著者が実際に体験した例では、石川県の奥能登で気にかかっていた旧家にようやくツテをたどって紹介してもらい、古文書などが残っていないかを尋ねたら「昨日ゴミに出しました」と言う答えを貰ったということもあったそうです。

 

また、文書として保存されているものの他に「廃棄史料」と言われる、所有者が廃棄したけれど残っているものもあります。

かつては紙という資源は貴重なものであり、古紙もすぐには捨てずに再利用したものでした。

文書として不要になったものでも、襖の下張りや壁の補修、変わったところでは裃や袴の補強材として使われているものがあり、それを取り出すことで元々の記載内容が蘇ることもあるそうです。

 

著者の長年のフィールドワークの実際についても語られています。

各地の旧家には江戸時代には政治の末端組織として残されていた文書なども多数保存されていることが多いのですが、それを組織的に調査したということはほとんど無いようです。

地元の教育委員会などが調査することもありますが、予算などの負担が大きいこともあり未調査のまま残されているものがほとんどです。

そういったものを調査しようというのですが、所蔵者からすればどこの誰とも分からない者が突然「調査させてください」といって現れるので、なかなか信用してくれなかったそうです。

 

出てきた史料の整理方法も語られていますが、所蔵者がきちんと整理してあったわけでもなく、時代が離れているものが一緒くたということもあるようです。

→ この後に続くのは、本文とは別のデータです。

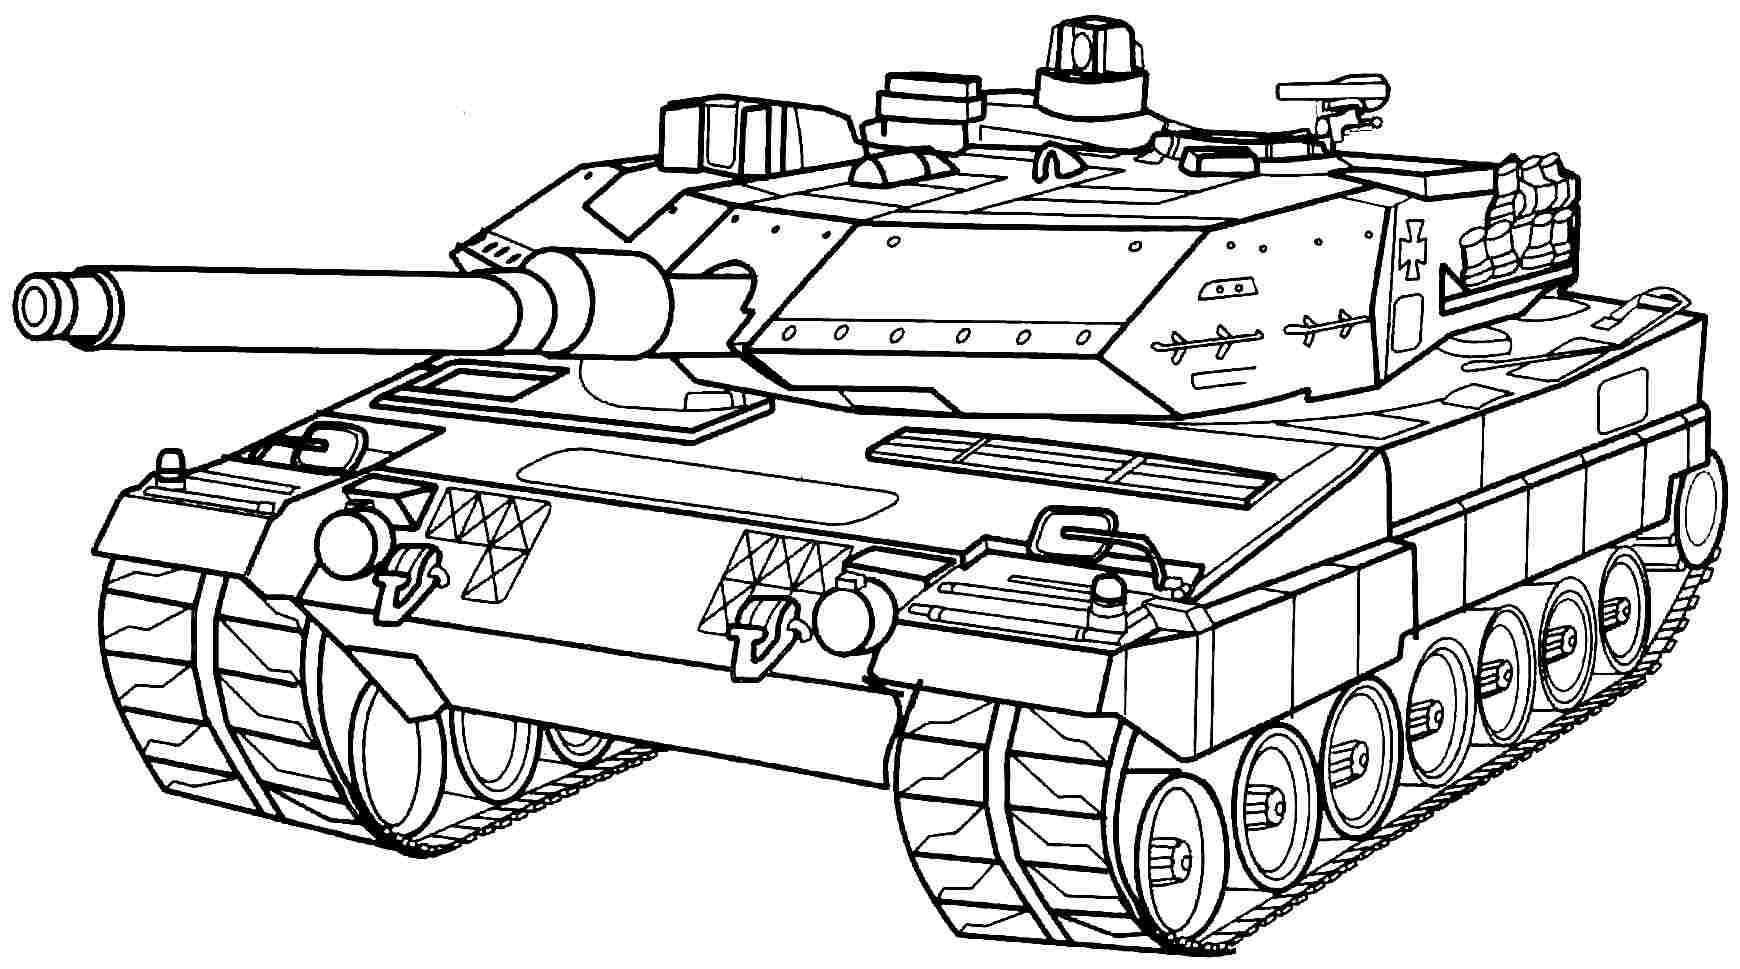 Die Briten Entwickelten Den Panzer Als Reaktion Auf Den Grabenkrieg Des Ersten Weltkriegs 1914 Setzte Sich Ein Ober Ausmalblatt Ausmalen Weihnachtsmalvorlagen

それでもまずは現状をきちんと記録しておくことが必要なようで、あとになって判ることもあります。

目録というものを作っていくことも重要になりますが、その内容は一つの史料が一つの内容に限られるわけでもなく、はじめから整理方法をよく考えておく必要があります。

 

山梨県早川町の旧家から発見された文書の断片から歴史的な事実が明らかになった例が示されています。

その家は江戸期以前から材木の切り出しと出荷をやっていたそうですが、部分的に名前と材木の送り先だけが記された手紙のようでした。

その単語を調べるとどうやら徳川家康が関係しているようです。

さらに、年代も文禄元年であることが確定しました。

しかし、そうするとおかしな点が出てきます。

その時には家康は駿府から江戸に移封された時であり、甲斐の領地も取り上げられて秀吉子飼いの加藤氏に与えられていました。

秀吉の家康警戒は厳しく、城の建築などは警戒されていたはずでした。

それでもかつての領主の家康に材木納入ができたのかどうか、この手紙の断片からこのようなサスペンスとミステリーが浮かび上がってきたのでした。

 

古文書の解読、非常に興味深いものでした。しかし、あの崩し字を読むのは難しそうです。